The sequence of a α 2-macroglobulin (α 2M) from the soft tick Ornithodoros moubata (TAM) was determined by cloning and sequencing of overlapping polymerase chain reaction (PCR) and rapid amplification of cDNA ends PCR products. The TAM cDNA sequence is 4944 bp long and contains one open reading frame coding for a protein precursor composed of 1494 amino-acid residues, including a 24-residue signal sequence. The mature protein is cleaved into two subunits similarly to the C3 and C4 components of complement and fish α 2Ms.

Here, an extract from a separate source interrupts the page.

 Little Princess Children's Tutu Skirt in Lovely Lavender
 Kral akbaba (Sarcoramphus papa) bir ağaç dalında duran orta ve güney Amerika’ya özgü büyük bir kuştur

Phylogeny analysis revealed that TAM is closely related to Limulus α 2M and displays the highest similarity to the partial sequence of α 2M from hard tick Ixodes scapularis. The comparison of conserved cysteine residues between TAM and human and Limulus α 2Ms made it possible to predict the pattern of disulfide bridges and explain the atypical molecular arrangement of TAM. Four variants of the TAM bait region differing only in a short central segment were found; our data indicate that TAM exists as a single-copy gene in the tick genome and its bait region variants likely arise by alternative splicing. TAM is produced by tick hemocytes and it is also significantly expressed in salivary glands. TAM mRNA levels were shown to be up-regulated upon blood meal.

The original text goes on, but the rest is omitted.